Comment la cystéine et la sélénocystéine protègent les cellules contre le vieillissement et les dommages oxydatifs

Le vieillissement est de plus en plus compris non pas simplement comme l'accumulation de dommages causés par les espèces réactives de l'oxygène (ROS), mais comme une perte progressive de la résilience redox — la capacité cellulaire à détecter, répondre et récupérer des agressions oxydatives. Cette revue narrative de 2025 synthétise les connaissances actuelles sur la manière dont deux acides aminés contenant des thiols, structurellement apparentés mais fonctionnellement distincts — la cystéine et la sélénocystéine — constituent les piliers centraux de ce système de défense redox tout au long de l'espérance de vie.

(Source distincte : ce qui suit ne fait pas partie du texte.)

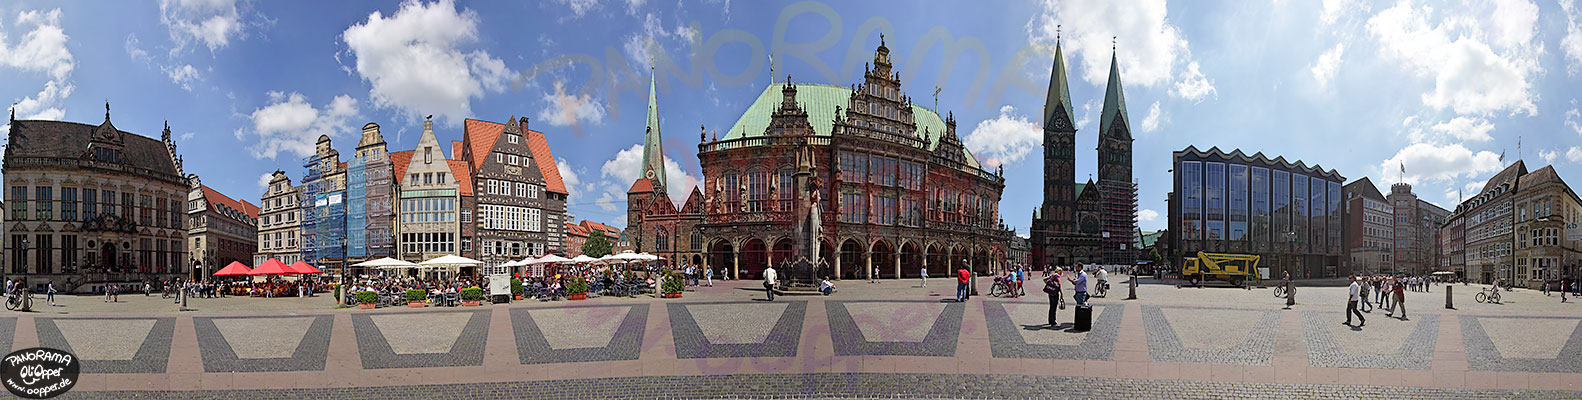 Marktplatz Bremen mit Rathaus und Dom - p003 - (c) by Oliver Opper
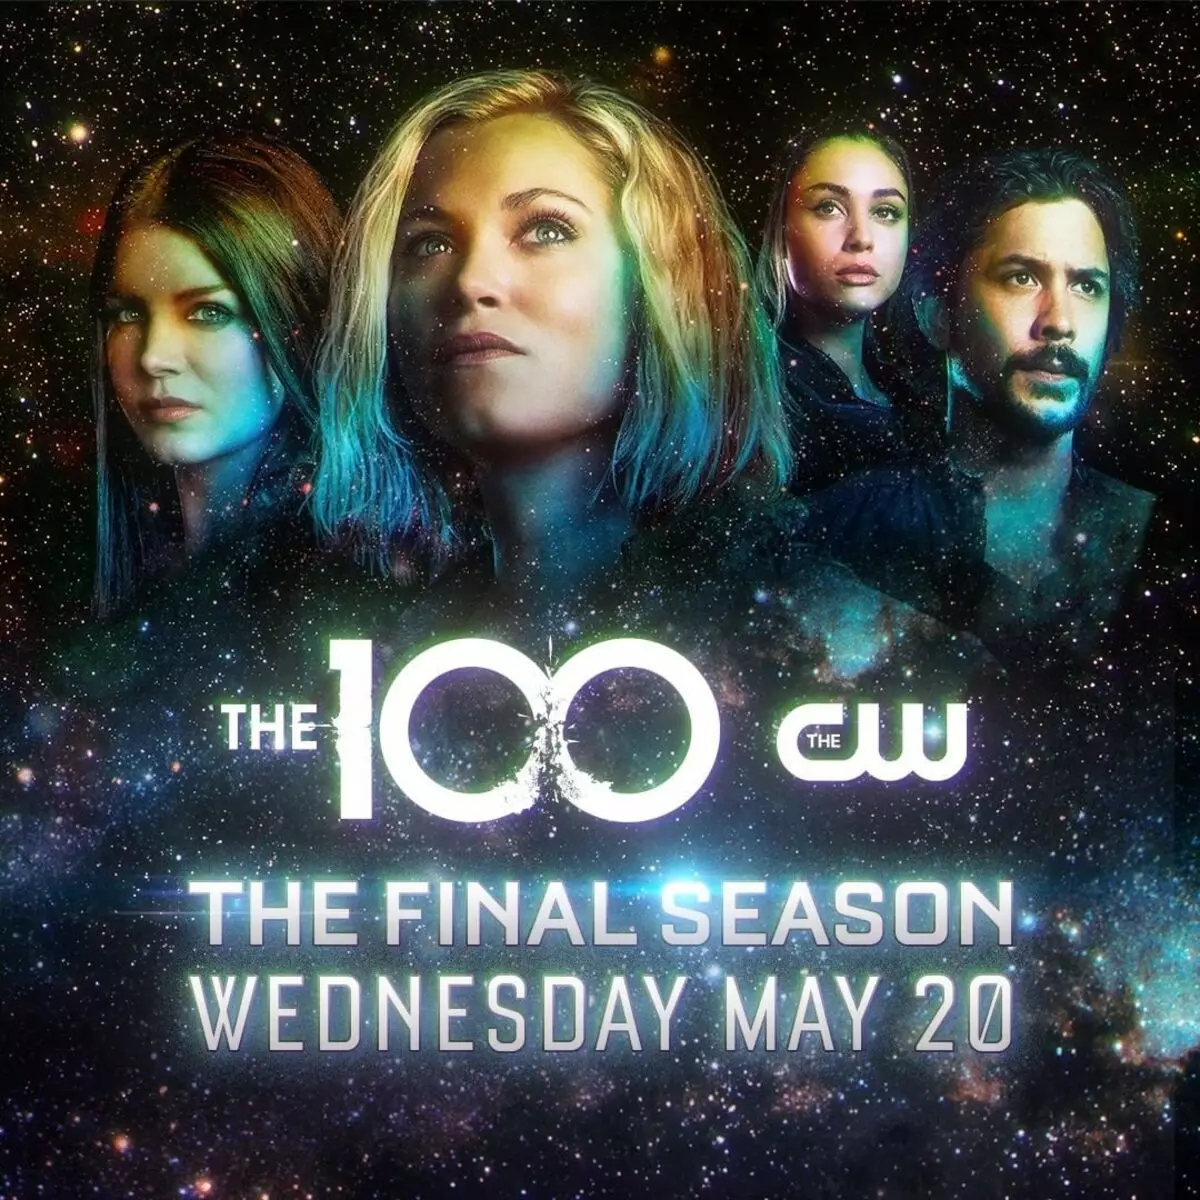 CW Channel ha annunciato la data della premiere della stagione finale

La cystéine et la sélénocystéine partagent un squelette d'acide aminé commun, mais diffèrent de manière cruciale par leurs chaînes latérales chalcogènes — soufre contre sélénium. Le groupe sélénoate de la sélénocystéine présente un pKa bien plus bas (~5,2 contre ~8,3 pour le thiol de la cystéine), ce qui signifie qu'il existe principalement sous sa forme déprotonée réactive au pH physiologique. Cela fait de la sélénocystéine un nucléophile et un électrophile supérieur, conférant aux sélénoenzymes telles que GPx et TrxR des taux catalytiques que leurs analogues contenant de la cystéine ne peuvent égaler. La revue détaille la machinerie traductionnelle élaborée nécessaire à l'incorporation de la sélénocystéine — impliquant le recodage du codon UGA, l'élément SECIS de l'ARNm, la protéine de liaison SECIS 2 (SBP2) et le facteur d'élongation dédié eEFSec — soulignant ainsi l'investissement évolutif que les cellules ont consenti en faveur de cet acide aminé.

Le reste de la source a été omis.